Department of Pharmacology, Gifu University Graduate School of Medicine, Gifu, Japan.
Department of Dermatology, Central Japan International Medical Center, Minokamo, Japan.
Connect Tissue Res. 2023 Mar;64(2):139-147. doi: 10.1080/03008207.2022.2109468. Epub 2022 Aug 19.
Oncostatin M produced by osteal macrophages, a cytokine that belongs to the interleukin-6 family, is implicated in bone fracture healing. Macrophage colony-stimulating factor (M-CSF) secreted from osteoblasts plays an important role in osteoclastogenesis. We have previously reported that tumor necrosis factor-α (TNF-α), a potent bone resorptive agent, stimulates the activation of p44/p42 mitogen-activated protein (MAP) kinase, Akt, and p70 S6 kinase in osteoblast-like MC3T3-E1 cells, and induces the synthesis of M-CSF at least in part via Akt.
In the present study, we investigated whether oncostatin M affects the TNF-α-induced M-CSF synthesis in MC3T3-E1 cells and the underlying mechanisms.
Clonal osteoblast-like MC3T3-E1 cells were treated with oncostatin M or rapamycin and then stimulated with TNF-α. M-CSF release was assessed by ELISA. M-CSF mRNA expression level was assessed by real-time RT-PCR. Phosphorylation of Akt, p44/p42 MAP kinase, and p70 S6 kinase was detected by Western blot analysis.
Oncostatin M dose-dependently reduced the TNF-α-stimulated M-CSF release. The expression of M-CSF mRNA induced by TNF-α was significantly suppressed by oncostatin M. Rapamycin, an inhibitor of mTOR/p70 S6 kinase, had little effect on the M-CSF release by TNF-α. Oncostatin M significantly reduced the TNF-α-induced phosphorylation of Akt and p44/p42 MAP kinase. However, the p70 S6 kinase phosphorylation by TNF-α was not affected by oncostatin M.
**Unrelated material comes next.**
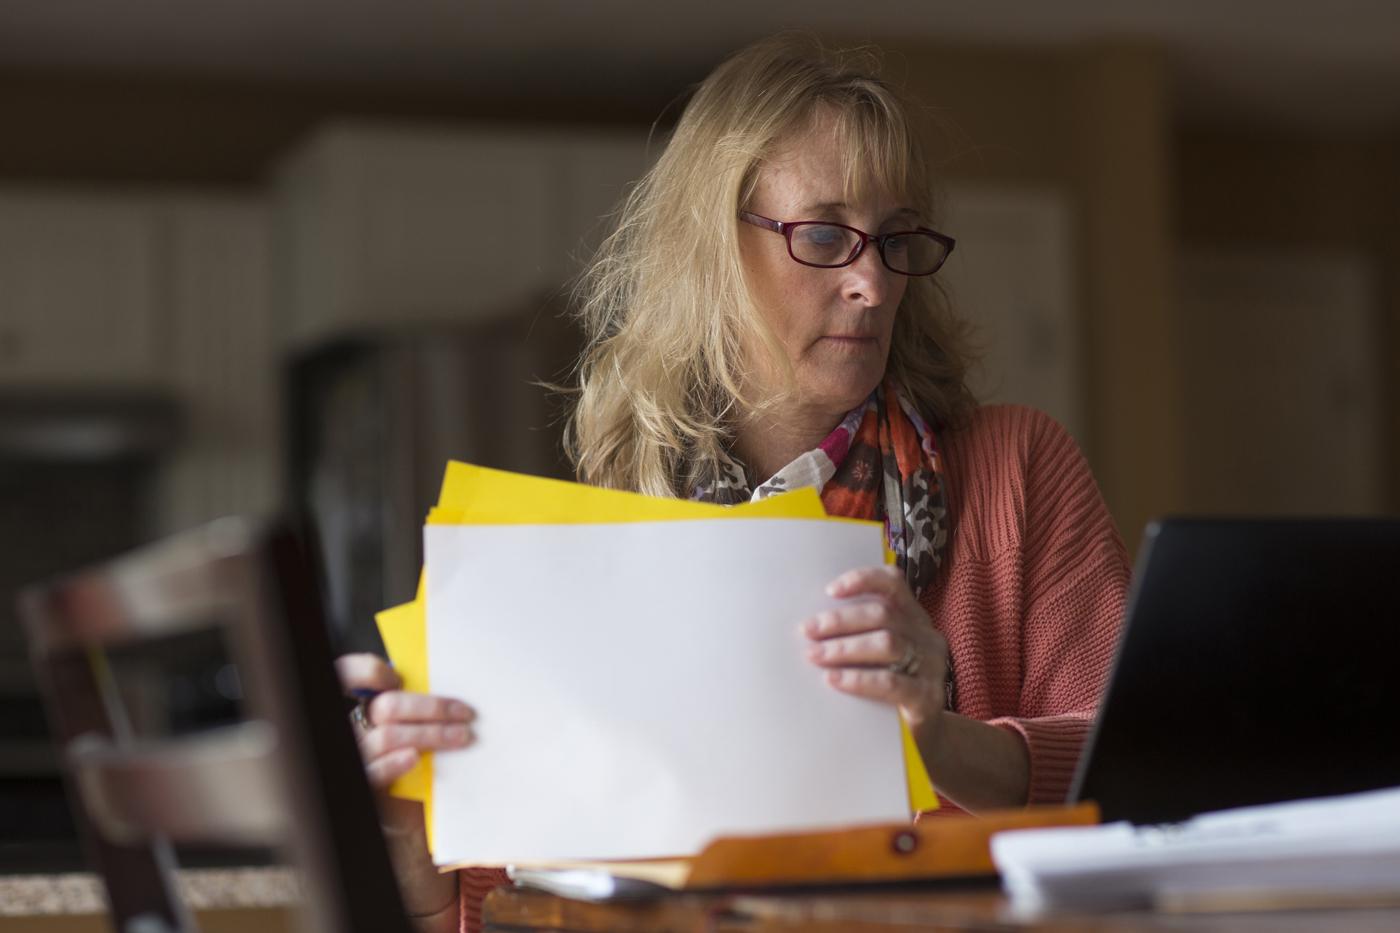 Faith organizes her paperwork.

These results strongly suggest that oncostatin M attenuates TNF-α-stimulated synthesis of M-CSF in osteoblasts, and the inhibitory effect is exerted at a point upstream of Akt and p44/p42 MAP kinase but not p70 S6 kinase.
破骨细胞产生的细胞因子白细胞介素-6 家族成员之一的骨细胞生成素 M,与骨骨折愈合有关。成骨细胞分泌的巨噬细胞集落刺激因子 (M-CSF) 在破骨细胞生成中发挥重要作用。我们之前曾报道过,肿瘤坏死因子-α(TNF-α)是一种有效的骨吸收剂,可刺激成骨样 MC3T3-E1 细胞中 p44/p42 丝裂原活化蛋白 (MAP) 激酶、Akt 和 p70 S6 激酶的激活,并通过 Akt 诱导至少部分 M-CSF 的合成。
在本研究中,我们研究了骨细胞生成素 M 是否影响 MC3T3-E1 细胞中 TNF-α诱导的 M-CSF 合成及其潜在机制。
克隆成骨样 MC3T3-E1 细胞用骨细胞生成素 M 或雷帕霉素处理,然后用 TNF-α刺激。通过 ELISA 评估 M-CSF 释放。通过实时 RT-PCR 评估 M-CSF mRNA 表达水平。通过 Western blot 分析检测 Akt、p44/p42 MAP 激酶和 p70 S6 激酶的磷酸化。
骨细胞生成素 M 呈剂量依赖性降低 TNF-α刺激的 M-CSF 释放。TNF-α诱导的 M-CSF mRNA 表达明显受骨细胞生成素 M 抑制。mTOR/p70 S6 激酶抑制剂雷帕霉素对 TNF-α诱导的 M-CSF 释放影响不大。骨细胞生成素 M 显著降低了 TNF-α诱导的 Akt 和 p44/p42 MAP 激酶的磷酸化。然而,TNF-α 对 p70 S6 激酶的磷酸化没有影响。
这些结果强烈表明,骨细胞生成素 M 减弱了 TNF-α刺激的成骨细胞中 M-CSF 的合成,抑制作用发生在 Akt 和 p44/p42 MAP 激酶上游,但不发生在 p70 S6 激酶上。